Tuesday, July 24, 2007

Depression and anxiety disorders

Many vets develop mental problems. The most common is PTSD (Post Traumatic Stress Disorder). That's an ailment that can often be addressed with talk therapy, even group therapy, and various kinds of psychoanalysis.

Psychoanalysis is based on the idea that there is some event, or group of events, in your past that can be pointed to as some sort of cause for your current mental problems. With PTSD that would certainly be the case.

But sometimes that kind of stress can seem to trigger more serious mental disorders. Various irrational fears and feelings are grouped together under the two umbrellas of anxiety disorder (irrational fears) and affective disorders (irrational feelings and depression). When that's the case psychoanalysis probably isn't going to help.

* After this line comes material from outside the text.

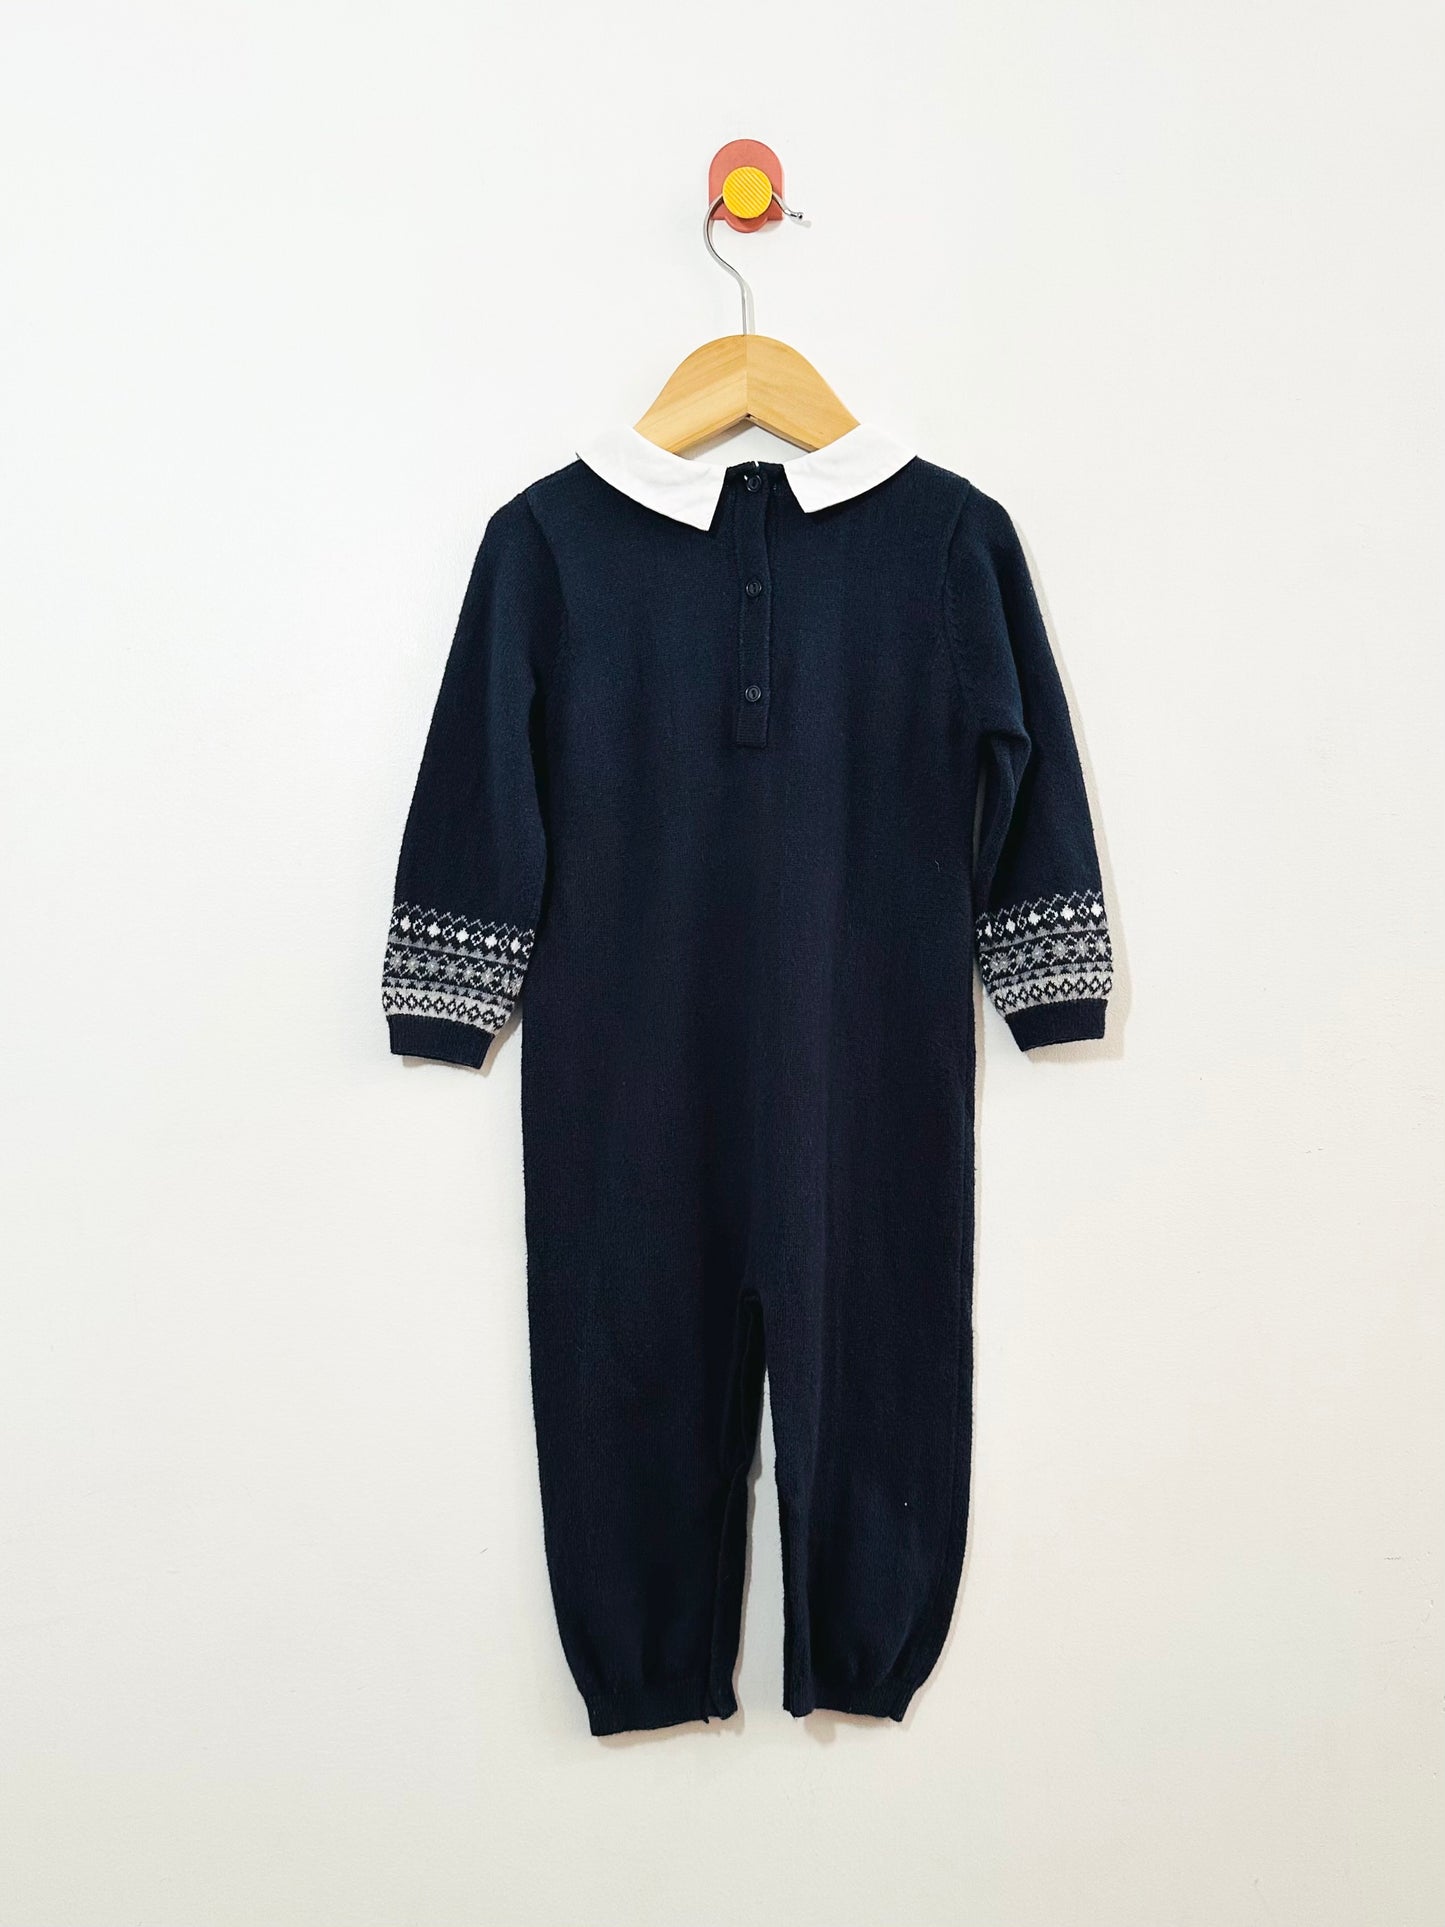 Little Youngster Knit Onesie / 18M

Full blown depression or anxiety is based on a disorder of thought, it doesn't have a "cause" somewhere back in the history of your life. There may be some historical event that seems to have triggered the disorder, and combat stress can certainly be such a trigger. But that event probably didn't really cause anything. The stress just brought the effects of an existing underlying disorder of thought to the surface.

Once the underlying disorder hits the surface you can quickly reach a situation where your brain is essentially re-wired, you begin the make very irrational judgements about life risks and life situations that seem rational to your disordered brain.

You'll almost always need medication to re-wire such a miss-wired brain. And often the medication really won't do the brain re-wiring, it will just free up your brain to be re-wired. Psychoanalysis, looking to the past, won't help.

What probably will help is cognitive therapy. Cognitive therapy helps get the damaged thought processes back to rationality by looking to the short term future, but directly addressing cause and effect -- "If I get on that airplane it might crash, but it probably won't". The disordered brain thinks, "If I get on that airplane it will crash".

Some psychoanalysts do cognitive therapy as part of their bag of tricks. But not many, and even some who claim to do so don't really rely on it. If you suffer from an actual mental disorder rather than PSTD which is traceable to a specific event, then steer away from psychoanalysts who want to talk about your childhood or want to do hypnosis. Those are not serious practitioners of cognitive therapy.